At the heart of the dispute is whether the kind of bias cited by Mr. Horowitz the discrimination against scholars with right-leaning views in hiring and promotion and the stifling of conservative student opinions is indeed prevalent.
Last year the Center for the Study of Popular Culture surveyed the political opinions of professors in the humanities and social sciences at 32 top universities and concluded that Democratic views vastly outnumbered Republican ones at each of them. To many of Mr. Horowitz's supporters, that is strong evidence.
"We have 60 members in the department of government," said Harvey Mansfield, a well-known Harvard professor. "Maybe three are Republicans. How could that be just by chance? How could that be fair? How could it be that the smartest people are all liberals? Many liberals simply don't care for the kind of work conservatives do."
Many academics interviewed for this article who described themselves as Democrats acknowledged that college faculties were dominated by liberals, partly as a result of leftist activists' entering academia in the 1960's. The question, which has been roiling for nearly two decades now, is whether that has meant a smothering of conservative views.
Stanley Fish, the dean of the College of Liberal Arts and Sciences at the University of Illinois at Chicago, fumed at the suggestion that a liberal conspiracy existed among faculty. "I have interviewed 250 job candidates in the last five years," he said. "There is no room at all, in the hiring process, which is heavily scripted, for revealing political and religious orientation." "The question you should ask professors," he said, "is whether your work has influence or relevance."
"A public resolution that is on the record has its own coercive force," added Mr. Fish, whose work on postmodernism as an English professor has long drawn the ire of conservatives. "It can lead faculty members and students to feel that they are under surveillance."
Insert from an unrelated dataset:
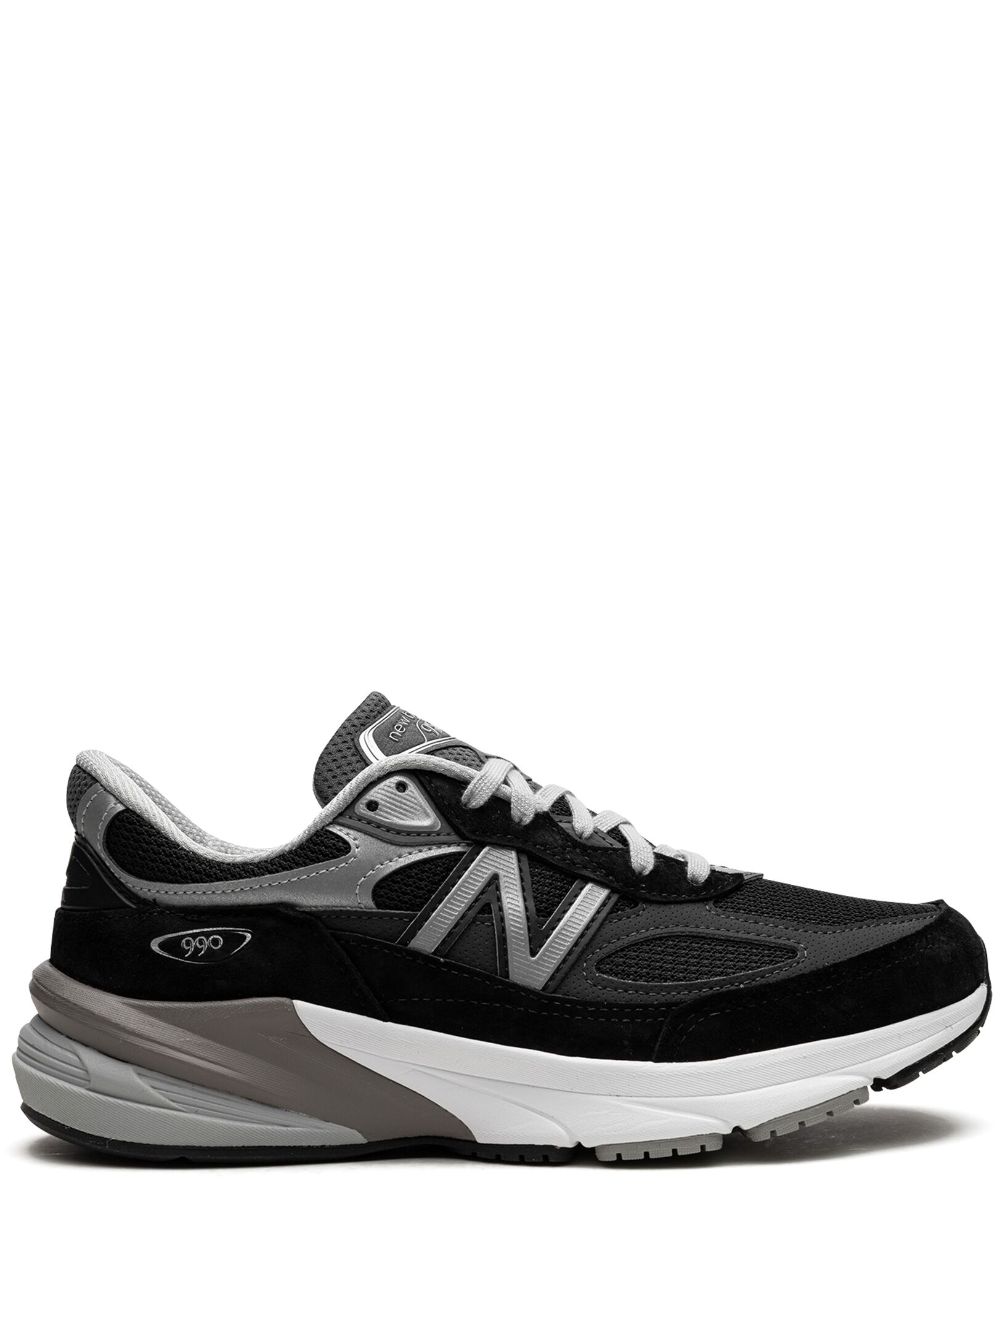 New Balance 990V6 "Black/Silver" sneakers von New Balance

Mary Burgan, the general secretary of the American Association of University Professors, said that universities already had guidelines against any kind of discrimination including political and that each year the organization itself looked into 6 to 10 accusations of bias, including ones made by conservatives.
Students for Academic Freedom, a campus organization working closely with Mr. Horowitz, has a Web site, studentsforacademicfreedom.org, where students can report incidents of discrimination.
In 2001 Mr. Horowitz led a campaign to place advertisements in college newspapers denouncing calls for slavery reparations to black Americans. At Brown University, where one of the ads ran, student protesters destroyed copies of The Brown Daily Herald and demanded it pay "reparations" by giving free advertising space to proponents of reparations. (The paper refused but expanded space for opinion articles the day after the incident.)
Mr. Horowitz spoke at Brown in October at the invitation of The Brown Spectator, a conservative magazine founded by Stephen Beale, a senior, and Christopher McAuliffe, a junior, who have asked the student council to pass the academic bill of rights. "We are trying to get the university to say on the record that we embrace intellectual diversity," said Mr. Beale, the son of a theology professor from Massachusetts.
Mr. McAuliffe, a Florida native, said: "I have been assigned Marx four times at Brown. Adam Smith? Not even once."